Can a Random Variable be a Sample or just a Single Value?

109 Views Asked by At

In my introductory statistics course, I've seen statements like 'Y1 . . . , Yn is a simple random sample without replacement, of size n, from the population.' and that the CLT applies if 'Y1, . . . , Yn are independent and identically distributed random quantities'.

The first suggests that when you say you've 'drawn a random variable from a population', your variable represents a single member of that population, randomly chosen. The second, and other definitions of the CLT or E[X] for example, suggest that a random variable drawn from a population is a random$\ sample$ whose members are randomly chosen.

When someone talks of taking a 'random variable' from a population, is the exact meaning of what the r.v. is flexible, and depends on the context (e.g. on the particular formula) the variable is used in? Or is it more fixed? It's just been confusing me because as I try to understand the meaning of E[X], the CLT etc, I keep getting confused as to $what$ from a statistical population each formula applies to.

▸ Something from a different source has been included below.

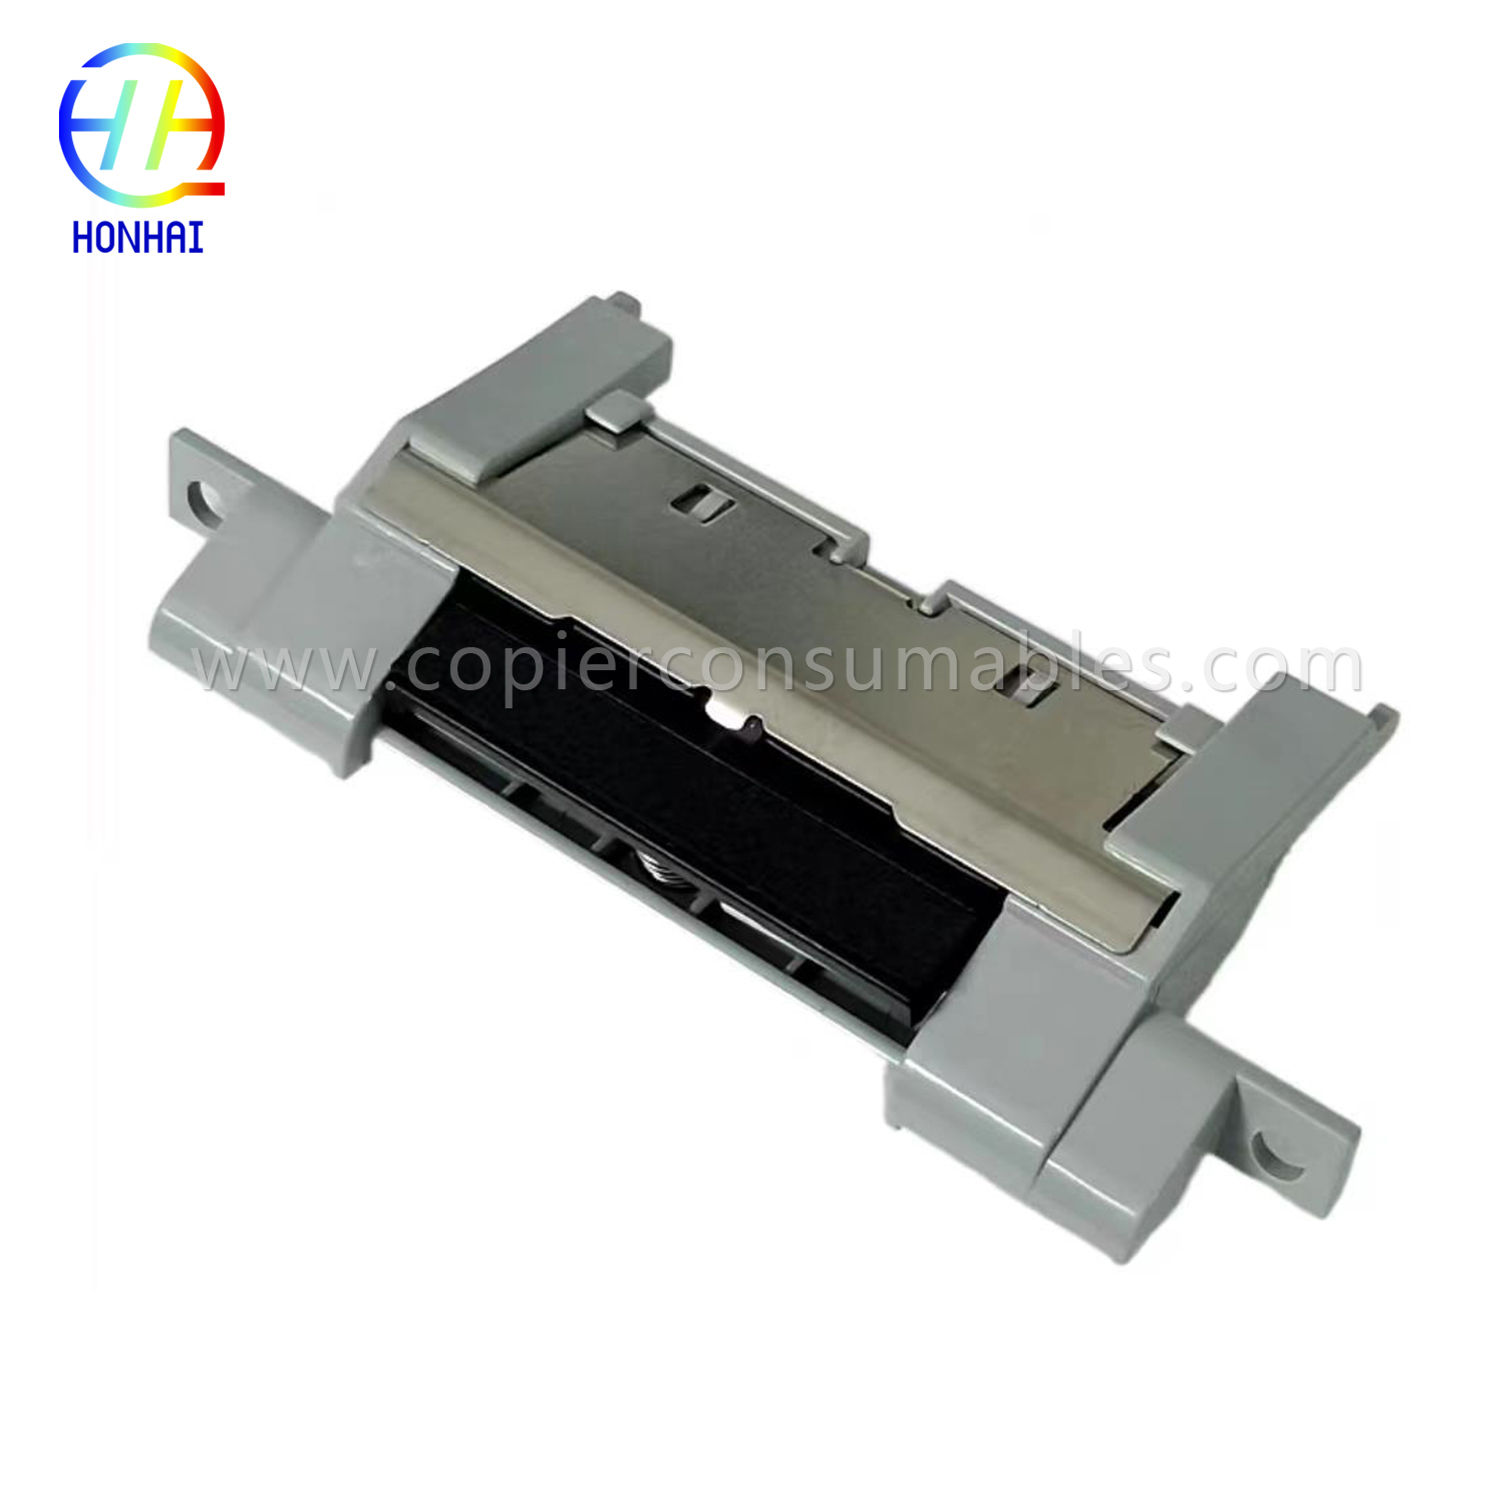 Separation Pad Tray 2 for HP Laserjet P2035 P2035n P2055D P2055dn P2055X (RM1-6397-000)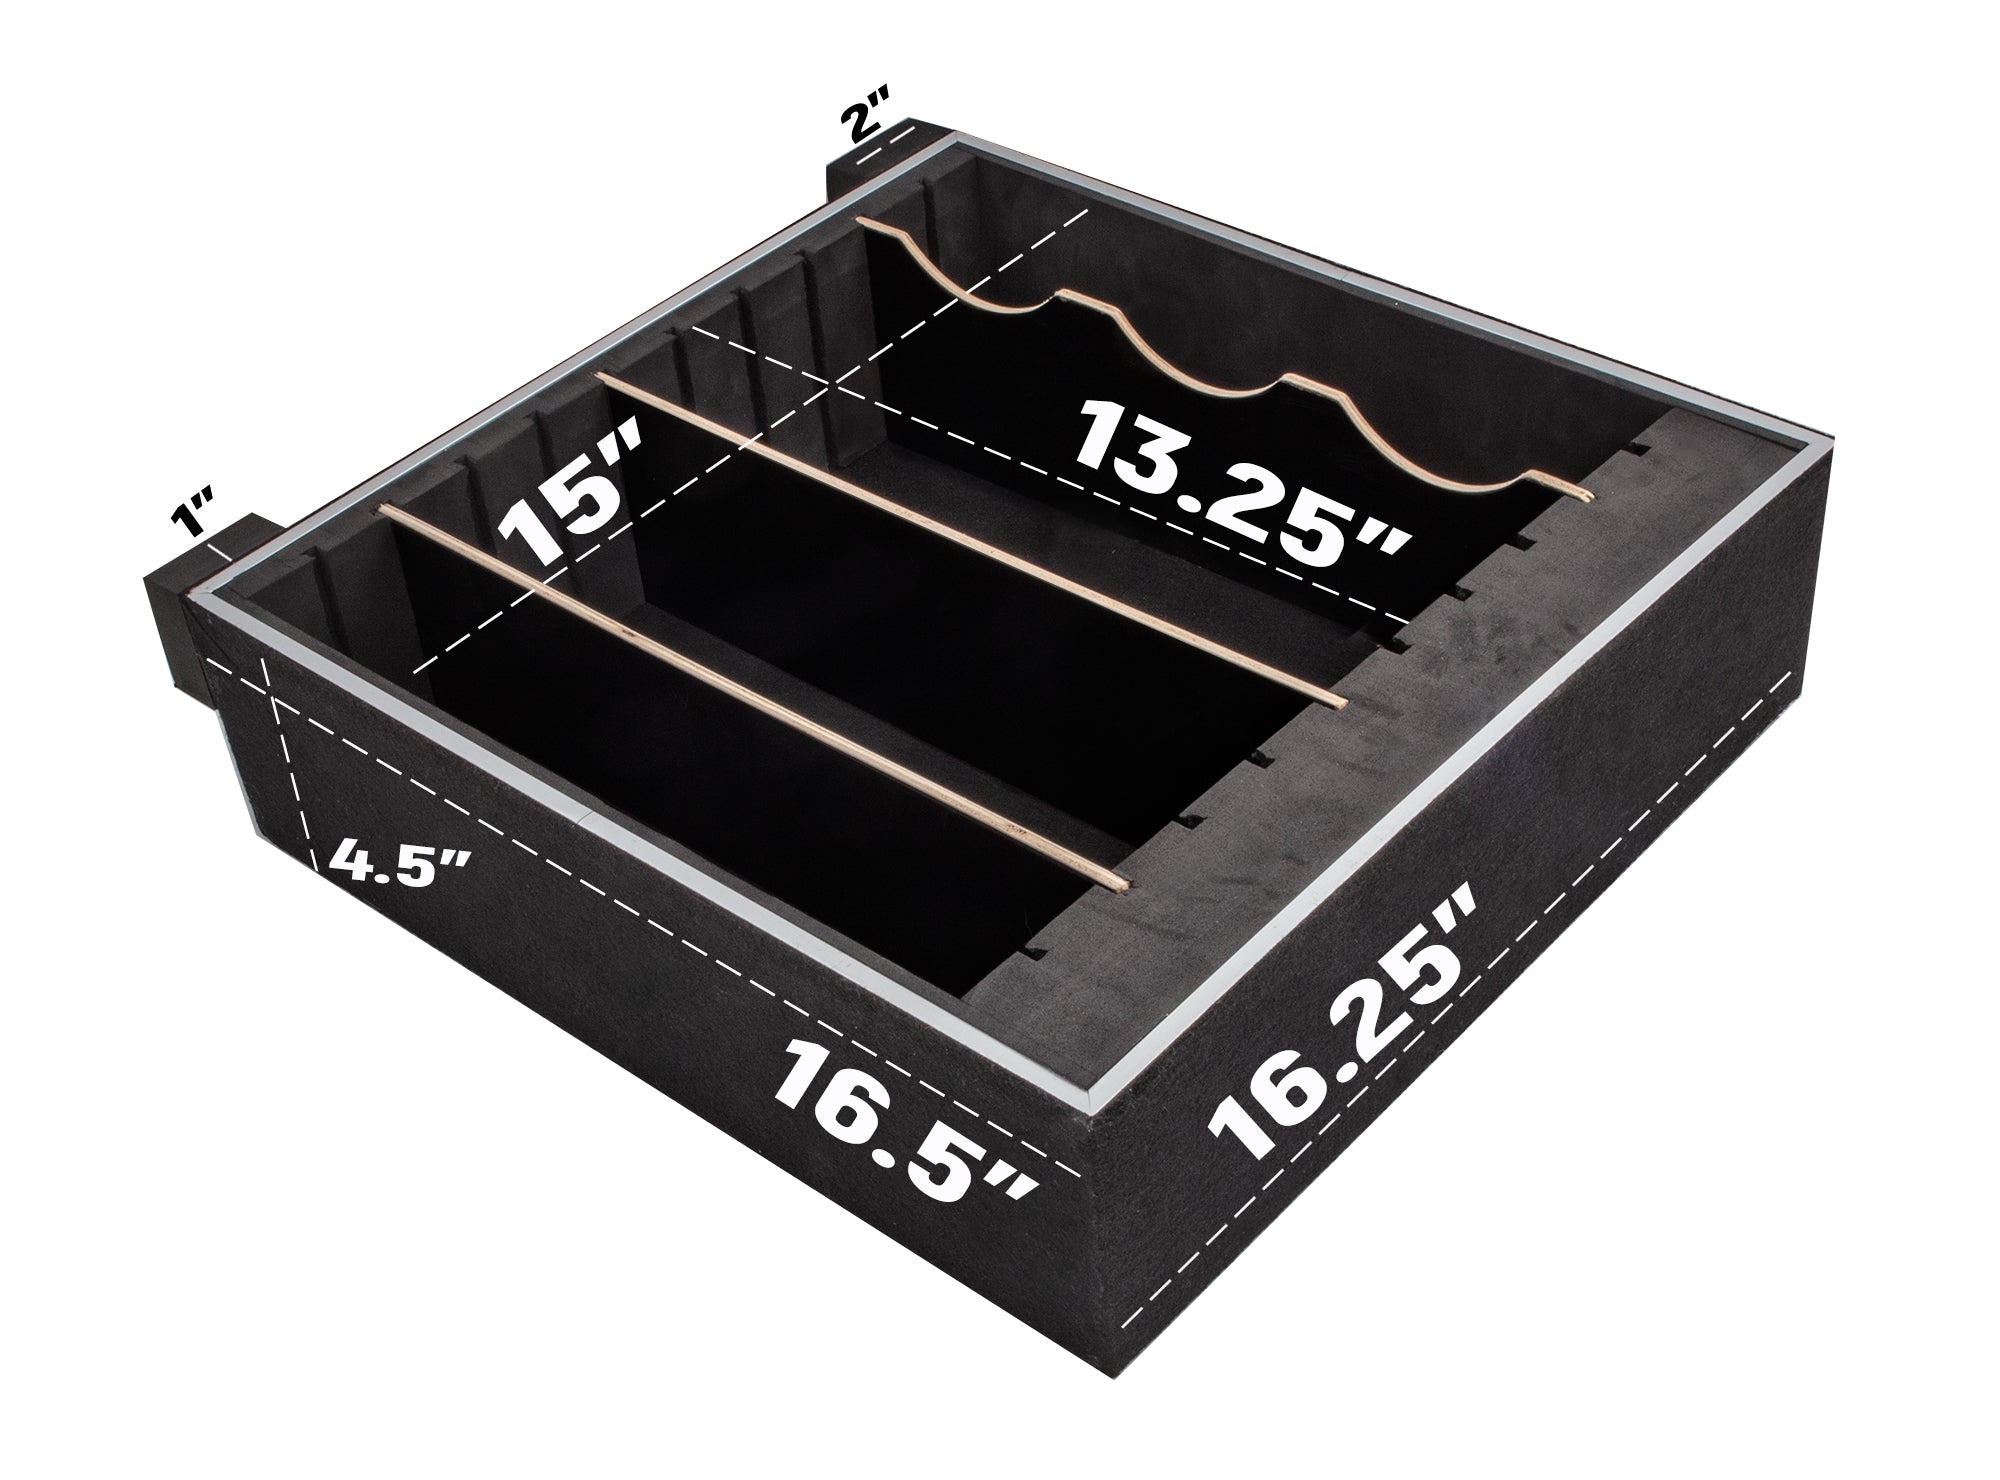 HYC-3UD Drawer with Divider

Many thanks indeed, really appreciate your help.

1

There are 1 best solutions below

0
On

Suppose you have a random sample $X_1, X_n, \dots, X_n$ from a population with the distribution $\mathsf{Norm}(\mu, \sigma).$ Then each of the $n$ values $X_i$ is a random variable distributed $X_i \sim \mathsf{Norm}(\mu, \sigma).$

Sometimes the terminology 'independent and identically distributed' is used. The 'independent' part means that one of the $X_i$ values does not depend on any of the others. (For example, you wouldn't notice that $X_1$ is 'big' and the deliberately look for an $X_2$ that is a little smaller.) The 'identically distributed' part means that each of the $X_i$ viewed separately has the same distribution as the population.

Once you have this sample of size $n$, then you can find the sample mean $\bar X = \frac{\sum_{i-1}^n X_i}{n}.$ This is a different random variable and it has the distribution $\bar X \sim \mathsf{Norm}(\mu. \sigma/\sqrt{n}).$ (The Central Limit Theorem says that the distribiton of $\bar X$ tends to be nearly normal for large $n$ even if the original population is not normal.)

Example: Suppose your population is $\mathsf{NORM}(\mu = 70, \sigma = 7)$ (maybe weights of male college swimmers in kg). Then suppose you sample $n = 9$ of them at random and find the sample mean weight $\bar X$ of the nine observations. Then $\bar X \sim \mathsf{Norm}(70, 7/3).$ The figure below shows the density function of the population curve (blue dotted) and the density function of the sampling distribution of $\bar X.$

enter image description here

Roughly speaking, the density function for $\bar X$ is 'three times as tall' as the population density, and so it must be 'a third as wide'; both curves enclose an area of 1.

About 68% of the individual swimmers in the population weigh between 63 and 77kg. But if you take the average of nine swimmers, then it is very likely that the average will lie between 63 and 77kg.